Lenght of text: 1013445 characters


The first 824 characters are not part of the book. They are notes and licencing information from Project Gutenberg and shouldn't be part of training so lets remove them

In [4]:
text = text[824:]

In [5]:
print(text[:300])

Chapter I

My father's family name being Pirrip, and my Christian name Philip, my
infant tongue could make of both names nothing longer or more explicit
than Pip. So, I called myself Pip, and came to be called Pip.

I give Pirrip as my father's family name, on the authority of his
tombstone and my s


Next, lets create a mapping from char to int so the characters can represented as integers

In [13]:
unique_chars = sorted(set(text)) # Gets distinct values
char_to_int = {char:i for i, char in enumerate(unique_chars)}
int_to_char = {v:k for k, v in char_to_int.items()}

In [7]:
# Sample output
for (k, v), _ in zip(chars_to_int.items(), range(10)):
    print(f"{repr(k):4s}: {v}")

'\n': 0
' ' : 1
'!' : 2
'$' : 3
'%' : 4
'&' : 5
"'" : 6
'(' : 7
')' : 8
'*' : 9


In [8]:
book_vector = np.array([chars_to_int[char] for char in text])

# Sample mapping
print(f"{text[10:27]} ----> {book_vector[10:27]}")

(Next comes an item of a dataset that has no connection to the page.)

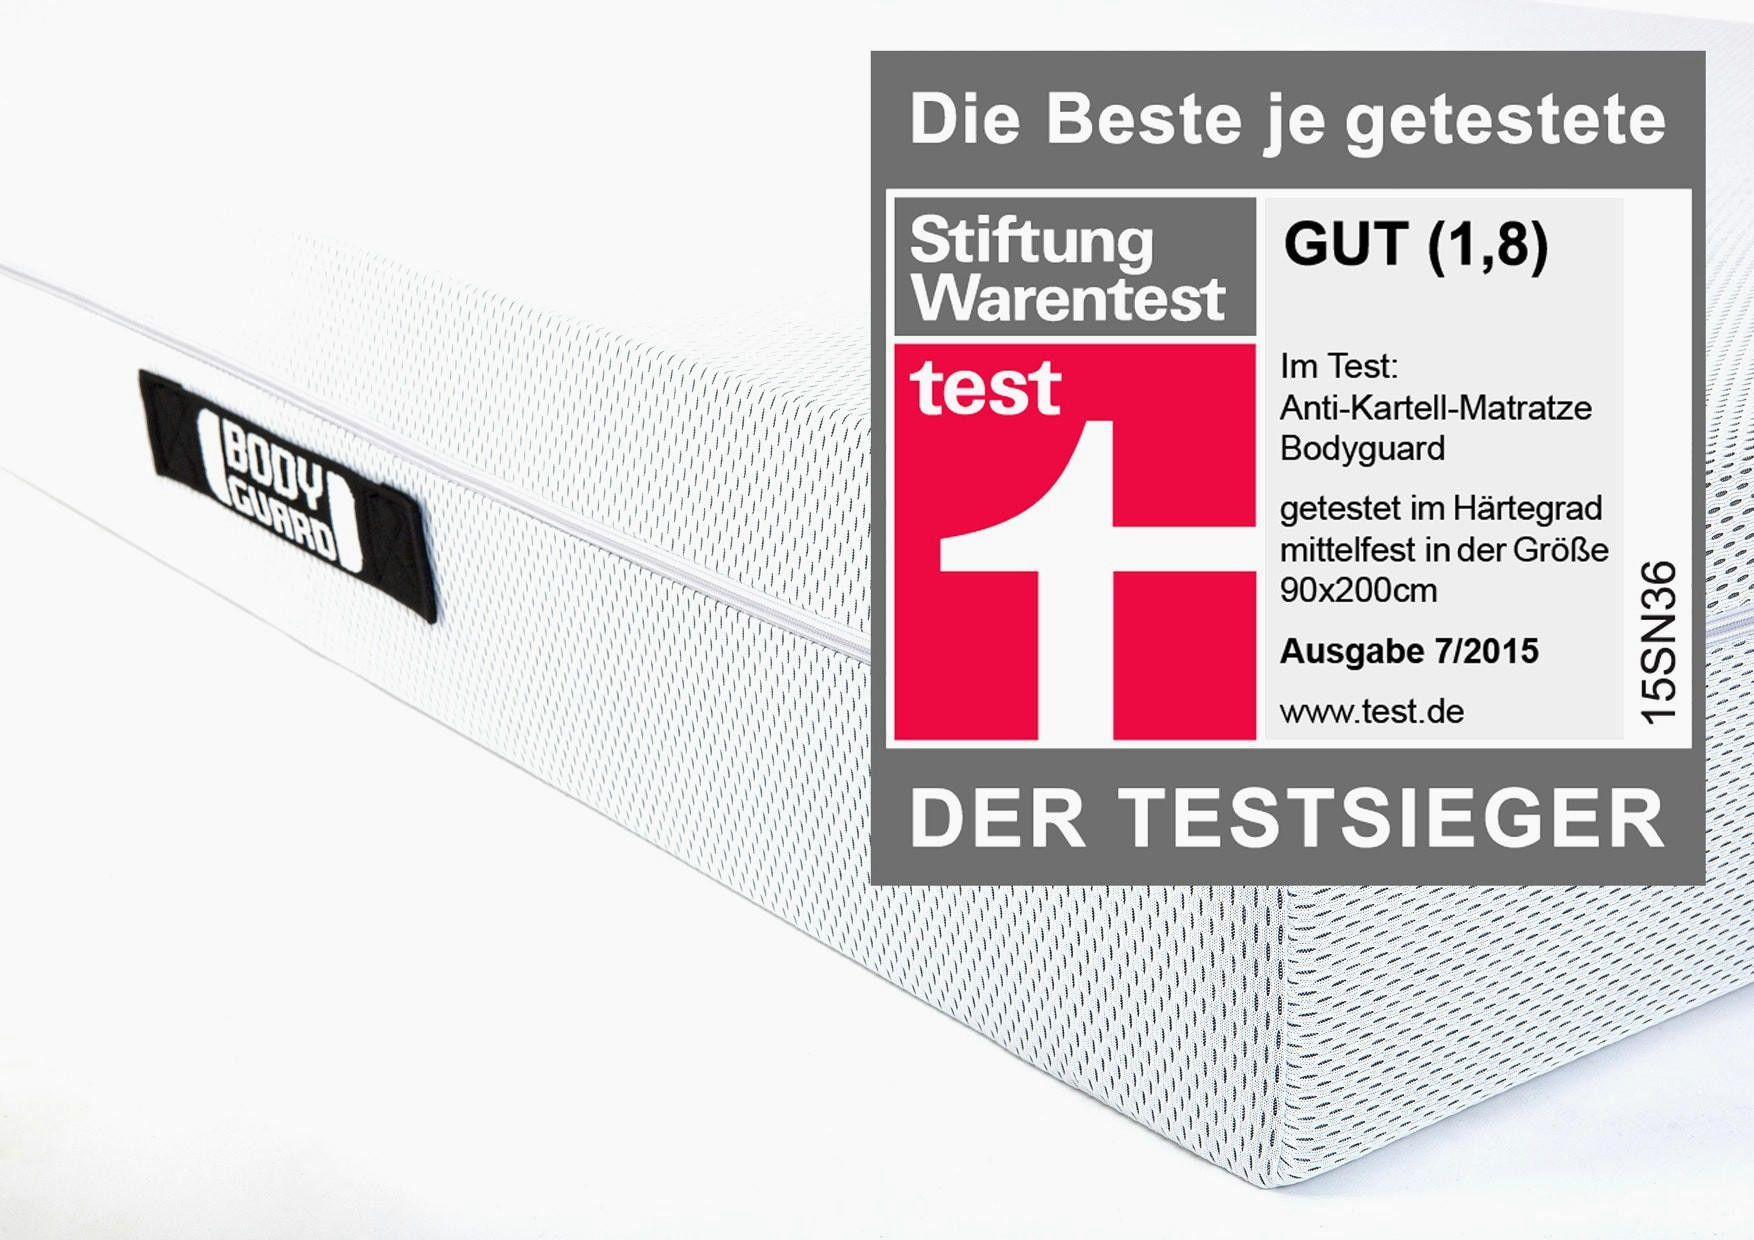 Warentest Matratzen Best Of Matratzen Testsieger 2018 Einzigartig Stiftung Warentest Di 2020
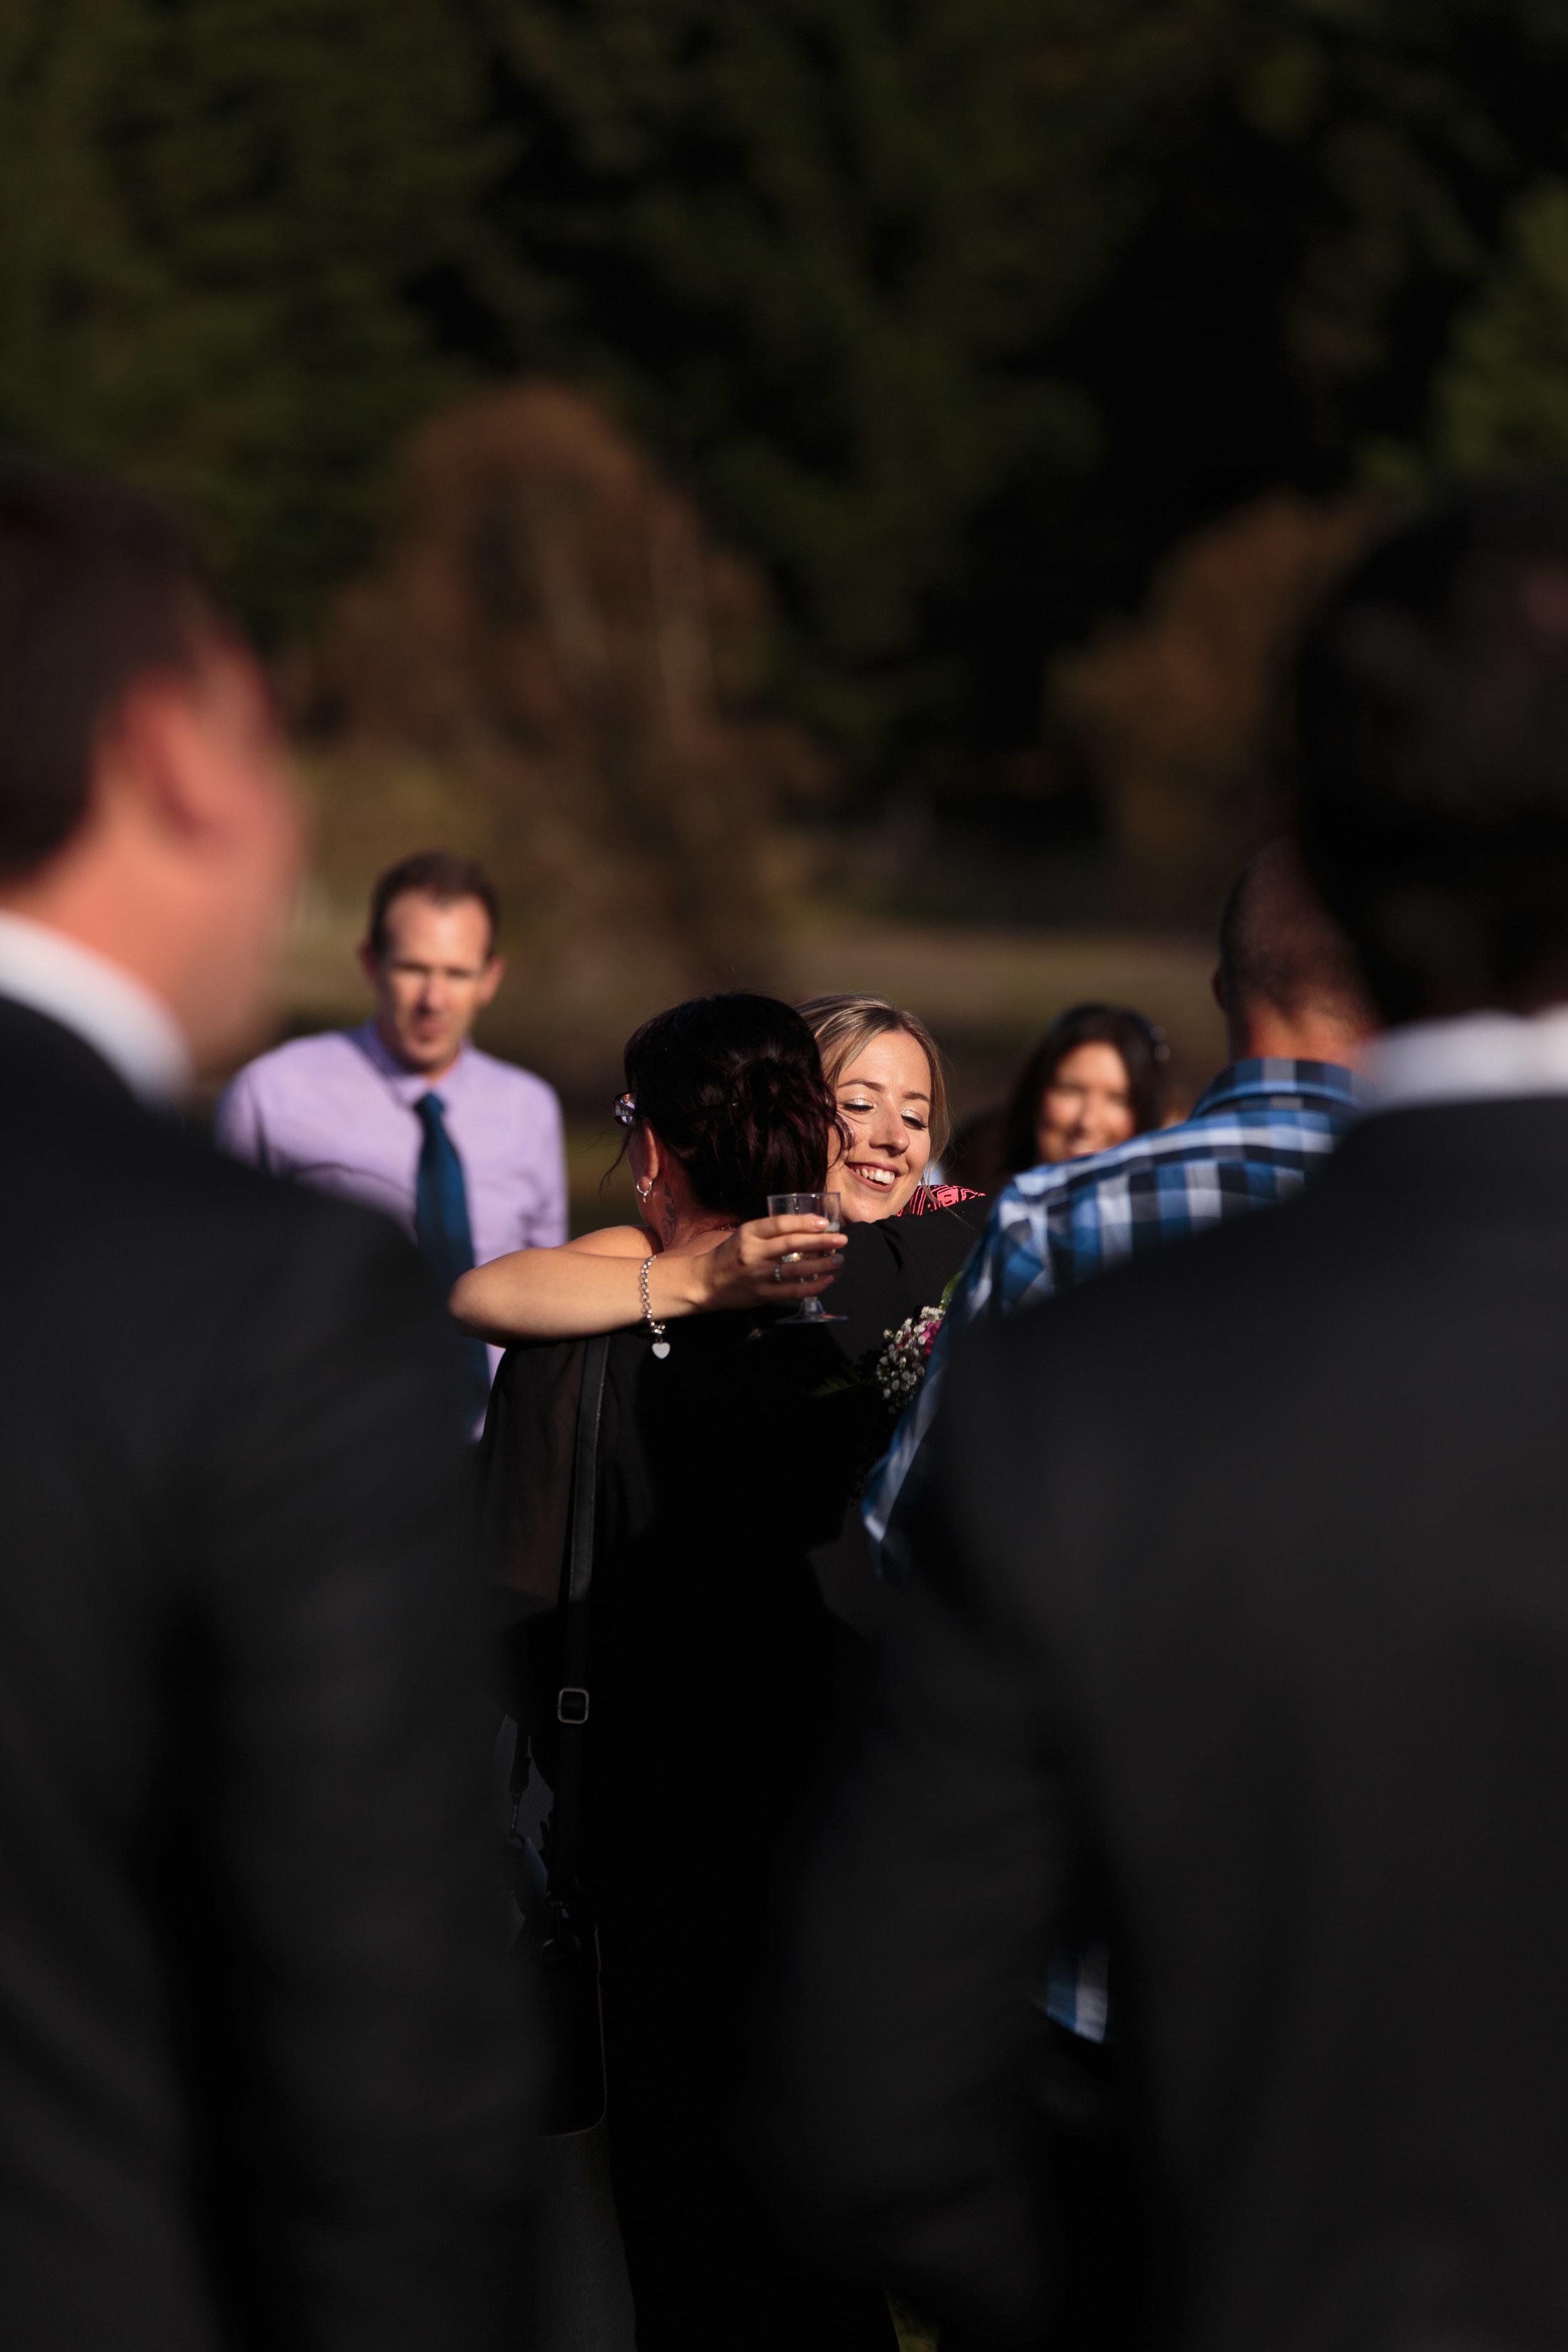 Highight-wedding-photography-dudding-lake-palmerston-north-new-zealand-45.jpg

My father's fami ----> [ 0 40 78  1 59 54 73 61 58 71  6 72  1 59 54 66 62]


In [18]:
# The maximum length sentence we want for a single input in characters
sequence_length = 100
examples_per_epoch = len(text) // sequence_length

In [17]:
char_dataset = tf.data.Dataset.from_tensor_slices(book_vector)

# Sanity check
for char in char_dataset.take(8):
    print(int_to_char[char.numpy()])

C
h
a
p
t
e
r
 


In [19]:
# Because we're adding 1 to the sequence in this function, the batch size is 101
sequences = char_dataset.batch(sequence_length + 1, drop_remainder=True)

In [20]:
def split_input_target(chunk):
    """The function returns the text that we have been working with, 
    together with the same text, but shifted one character along
    
    Example
    -------
    
    """
    input_text = chunk[:-1]
    target_text = chunk[1:]
    
    return input_text, target_text

dataset = sequences.map(split_input_target)